Real-Time Algorithm-Driven Ventilation Feedback to Improve Lung-Protective Ventilation in Critically Ill Patients (REALVENT)

The REALVENT trial is designed to evaluate whether a real-time, algorithm-driven ventilation feedback strategy can improve lung-protective ventilation (LPV) achievement rates in critically ill patients receiving invasive mechanical ventilation. This multicentre randomised controlled trial will compare real-time respiratory waveform monitoring with automated feedback against standard ICU care. The primary endpoint is the LPV achievement rate over the first 72 hours.

Study Overview

• Status: Not yet recruiting
• Conditions: Critical Illness; Respiratory Failure; ARDS (Acute Respiratory Distress Syndrome); VILI (Ventilator-induced Lung Injury)
• Intervention / Treatment: Device: REal-time Algorithm-driven Ventilation feedback to improve lung-protective ventilation in critically; Other: Standard ICU care

Detailed Description

Mechanical ventilation is essential in modern intensive care but may cause ventilator-induced lung injury (VILI) when delivered with excessive tidal volume, airway pressure, or mechanical power, or in the presence of unrecognised patient-ventilator asynchrony. Despite guideline recommendations to limit tidal volume, plateau pressure, and driving pressure, real-world adherence to lung-protective ventilation (LPV) remains suboptimal, and clinicians often rely on intermittent, manual review of ventilator settings and waveforms.

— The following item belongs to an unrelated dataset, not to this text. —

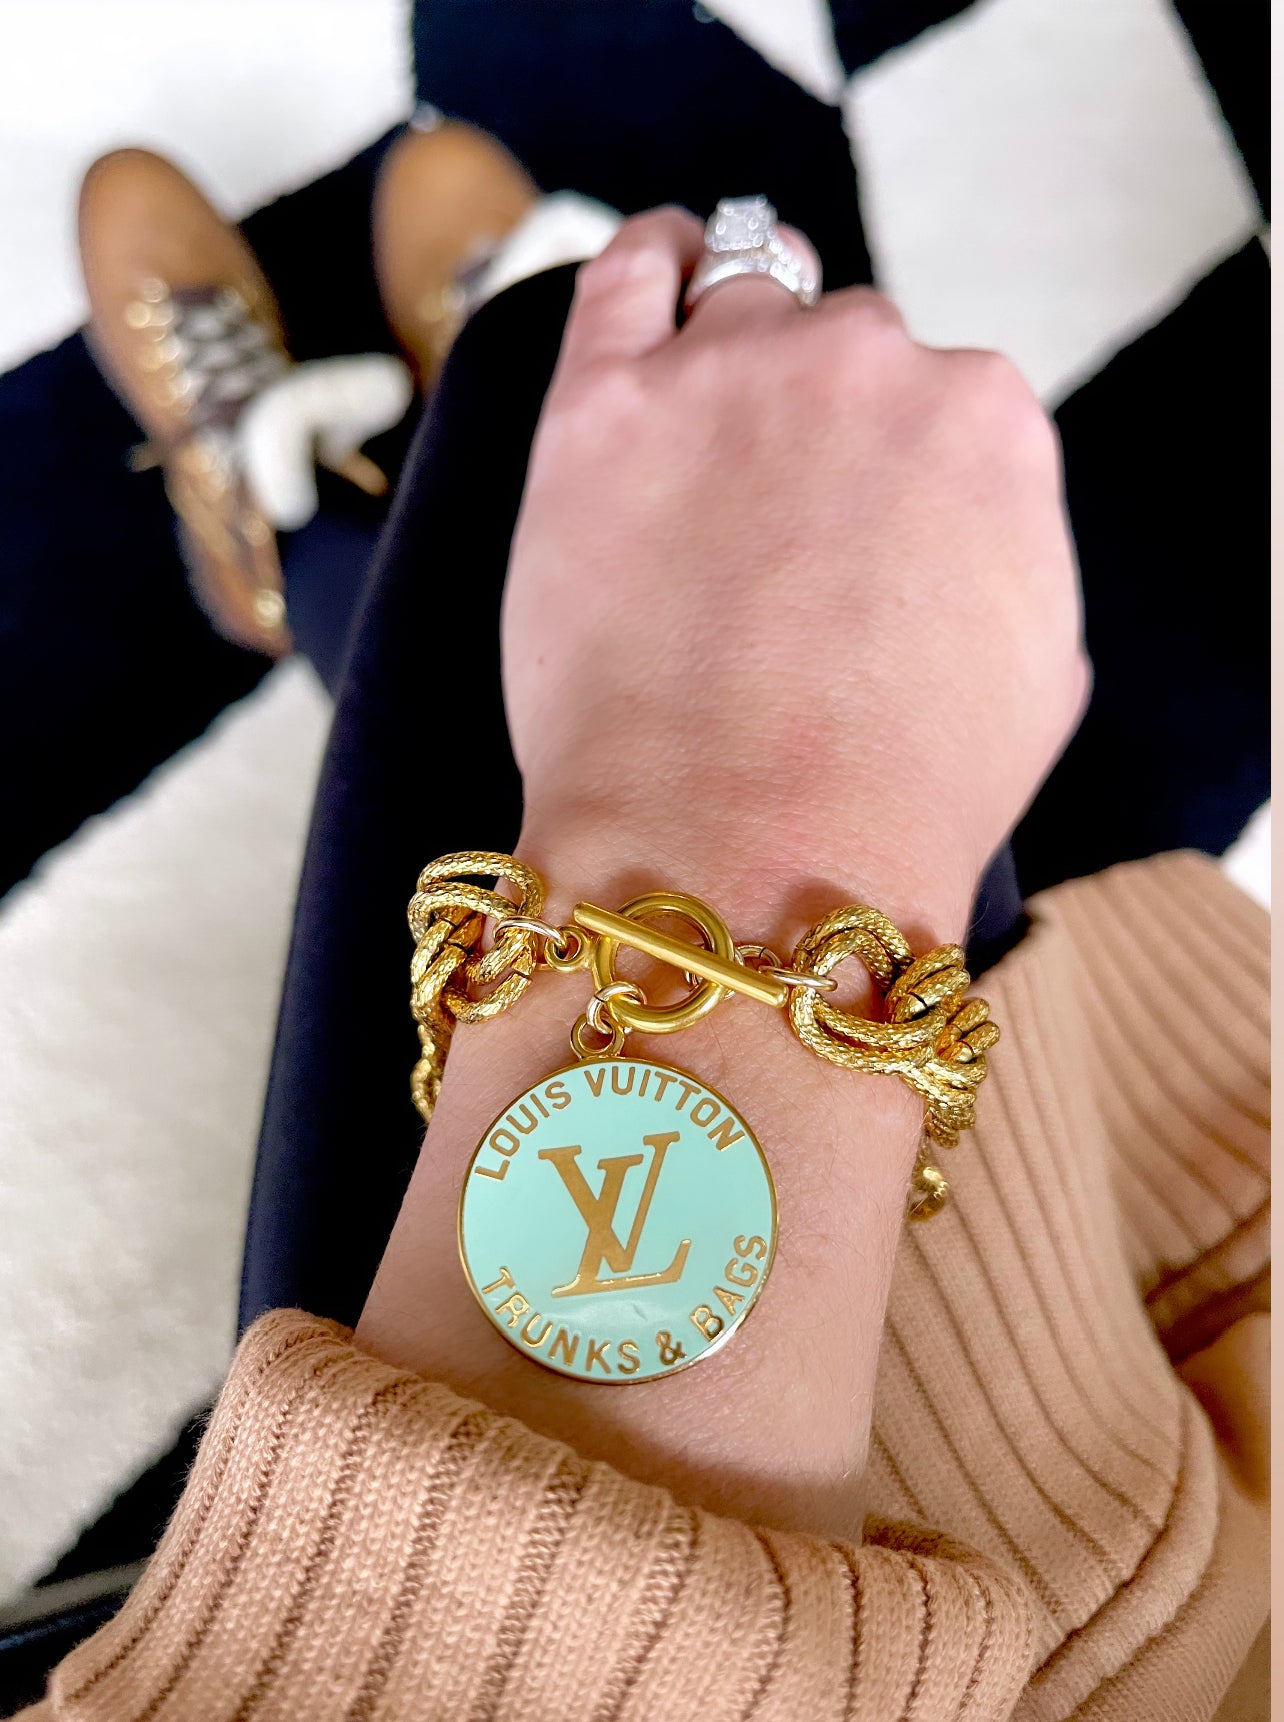 Louis Vuitton, Jewelry, Louis Vuitton Trunks Bags Charm Bracelet
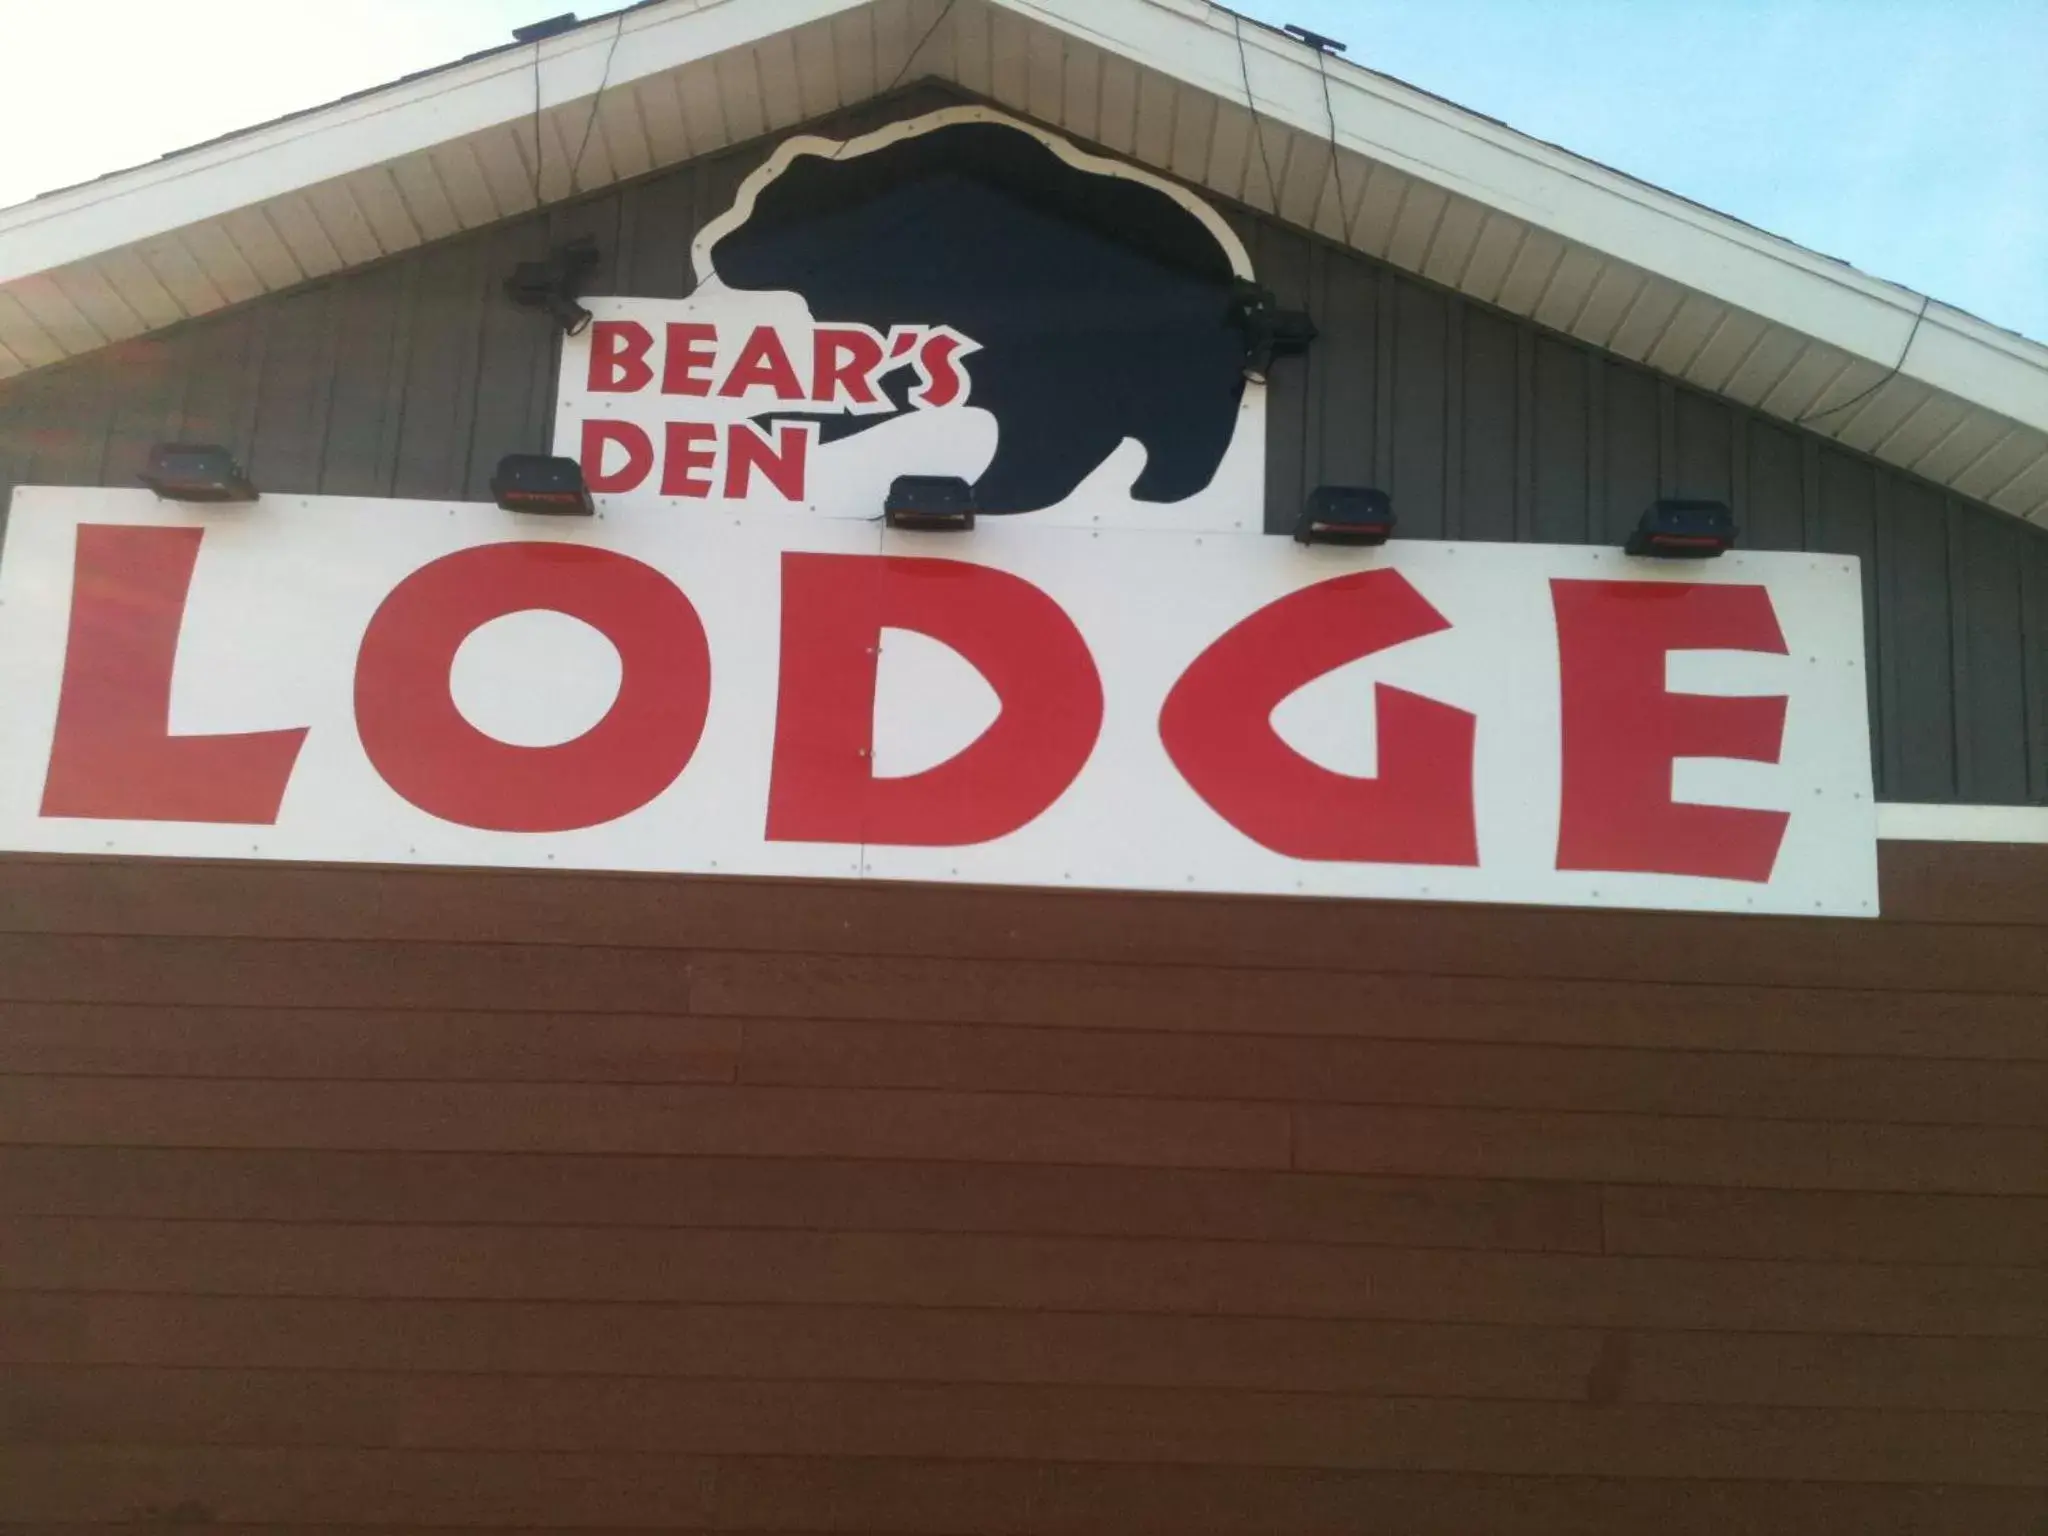 Bear's Den Lodge

The REALVENT trial tests a cloud-based respiratory dynamics monitoring and feedback system that continuously acquires high-frequency ventilator waveforms (pressure, flow, volume) and automatically computes key LPV metrics, including tidal volume indexed to predicted body weight, driving pressure, plateau pressure, mechanical power, and patient-ventilator asynchrony events. For patients in the intervention arm, the platform provides three layers of feedback over the first 72 hours after randomisation: (1) real-time alerts when LPV thresholds are exceeded; (2) 4-hour window indicator checks to capture sustained deviations; and (3) standardised 24-hour summary reports with recommendations for ventilator adjustment. These reports are reviewed by bedside clinicians and a central monitoring team, but all treatment decisions remain at the discretion of the local ICU team.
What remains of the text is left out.